For the first time, he realized that his strength was ebbing. He had had first the envoy and then Binichi to worry about, and so he had been able to keep his mind off his own state.

His stomach was hollow with hunger that the last night's meager rations he had packed from the raft had done little to assuage. His muscles were cramped from the unusual exercise and he had the sick, dizzy feeling that comes from general overexposure. Also, right now, his throat was dry and aching for water.

He pulled himself up out of the leaves, stumbled to the edge of the pond and fell to hands and knees on its squashy margin. He drank; and as he raised his head and ran a wrist across his lips after quenching his thirst, the head of Binichi parted the surface almost where his lips had been.

"Time to go?" said the Lugh. He turned to one side and heaved himself up out onto the edge of the bank.

"We'll leave in just a little while," Chuck said. "I'm not fully awake yet." He sat back stiffly and exhaustedly on the ground and stretched his arms out to bring some life back into them. He levered himself to his feet and walked up and down, swinging his arms. After a little while his protesting muscles began to warm a little and loosen. He got one of the high-calorie candy bars from his food pack and chewed on it.

"All right," he said. And the envoy turned to lead the way up, out of the glen.

With the bit of food, the exercise, and the new warmth of the sun, Chuck began to feel better as they proceeded. They were breasting the near slopes of the hills now, and shortly before noon they came over the top of them, and paused to rest.

The land did not drop again, but swelled away in a gently rising plateau, into distance. And on its far horizon, insubstantial as clouds, rose the blue peaks of mountains.

"Base is over those mountains," said Chuck.
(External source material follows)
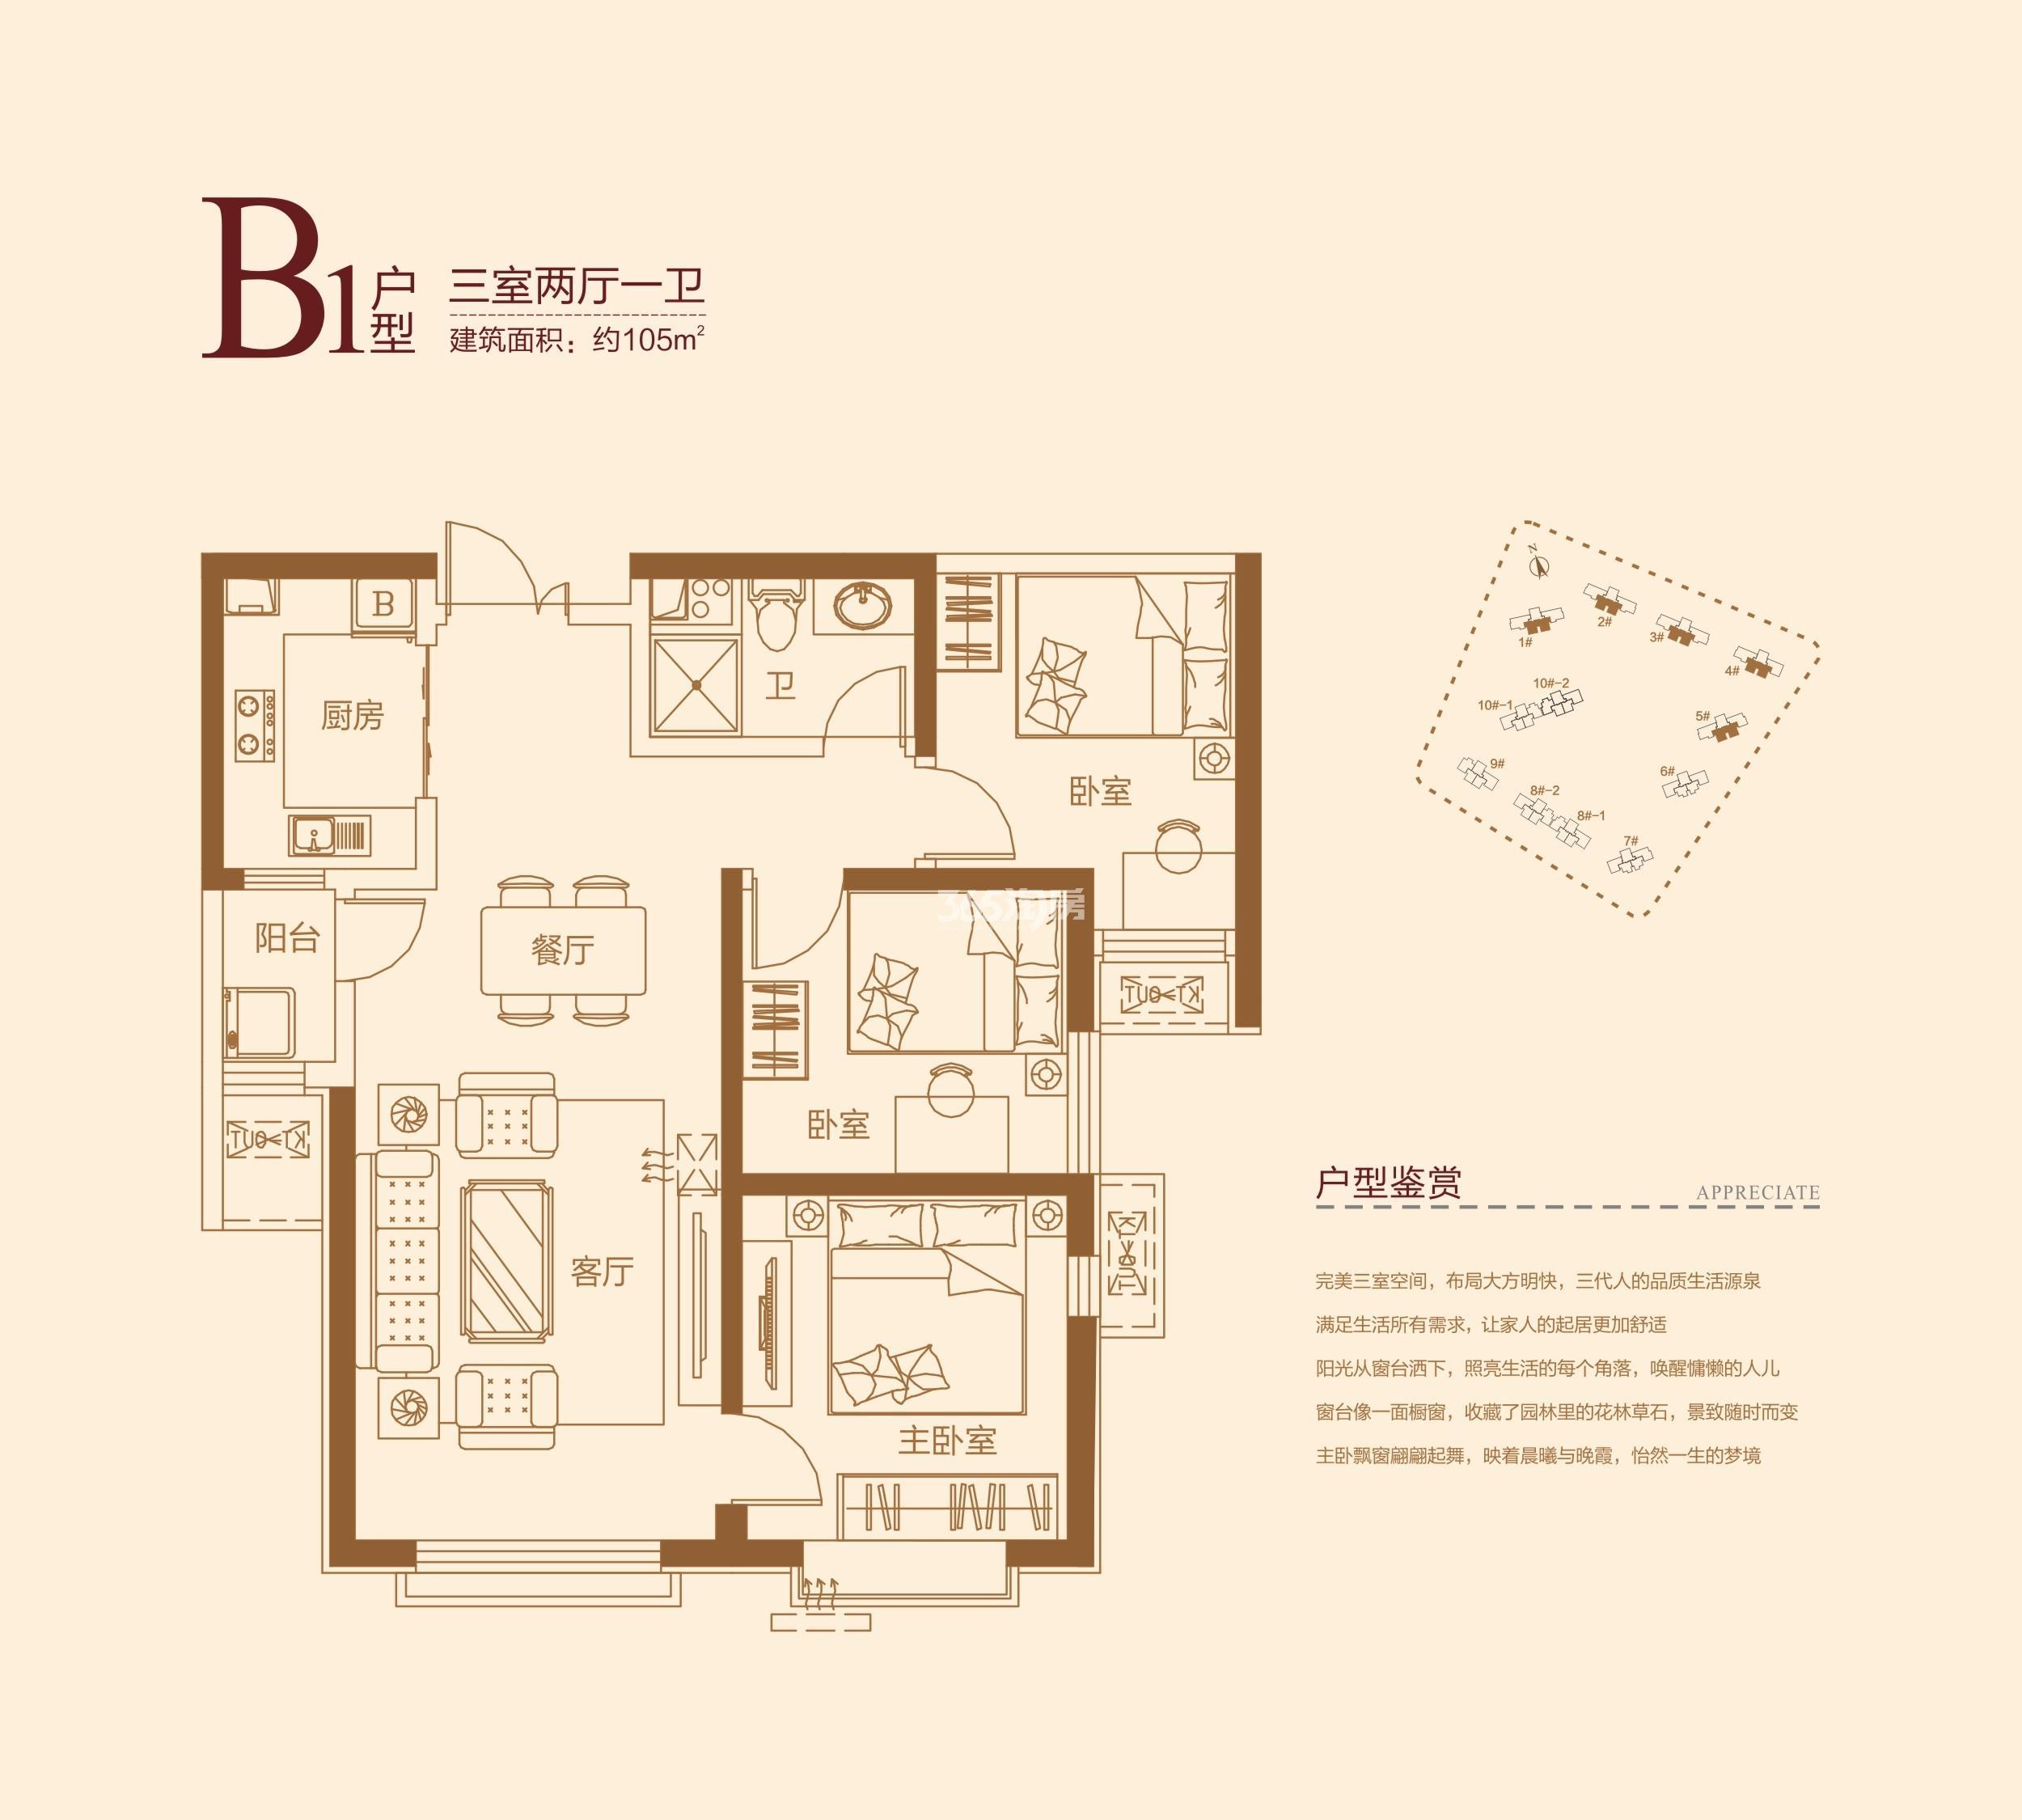 B1户型 三室两厅一卫 建面约105㎡

"Will we have to cross them?" The envoy's translator produced the words evenly, like a casual and unimportant query.

"No." Chuck turned to the Tomah. "How far in from the coast have we come so far?"

"I would estimate"—the translator hesitated a second over the translation of units—"thirty-two and some fraction of a mile."

"Another sixty miles, then," said Chuck, "and we should be within the range of the airfoils they'll have out looking for us." He looked again at the mountains and they seemed to waver before his eyes. Reaching up in an automatic gesture to brush the waveriness away, the back of his hand touched his forehead; and, startled, he pressed the hand against it. It was burning hot.

Feverish!
thought Chuck And his mind somersaulted at the impossibility of the fact.

He could see the two others looking at him with the completely remote and unempathetic curiosity of peoples who had nothing in common with either his life or his death. A small rat's-jaw of fear gnawed at him suddenly. It had never occurred to him since the crash that there could be any danger that
he
would not make it safely back to Base. Now, for the first time, he faced that possibility. If the worst came to the worst, it came home to him suddenly, he could count on no help from either the Tomah, or the Lugh.

"What will they look like, these airfoils?" asked Binichi.

"Like a circle made out of bright material," said Chuck. "A round platform about twelve feet across."

"And there will be others of your people in them?"

"On them. No," said Chuck. "Anyway, I don't think so. We're too short of personnel. They operate on remote-beamed power from the ship and flash back pictures of the ground they cover. Once they send back a picture of us, Base'll know where to find us."

He levered himself painfully to his feet.

"Let's travel," he said.

* * *

They started out again. The walking was more level and easy now than it had been coming up through the hills. Plodding along, Chuck's eyes were suddenly attracted by a peculiarity of Binichi's back and sides. The Lugh was completely covered by a short close hair, which was snow-white under the belly, but shaded to a gray on the back. It seemed to Chuck, now, however, that this gray back hair had taken on a slight hint of rosiness.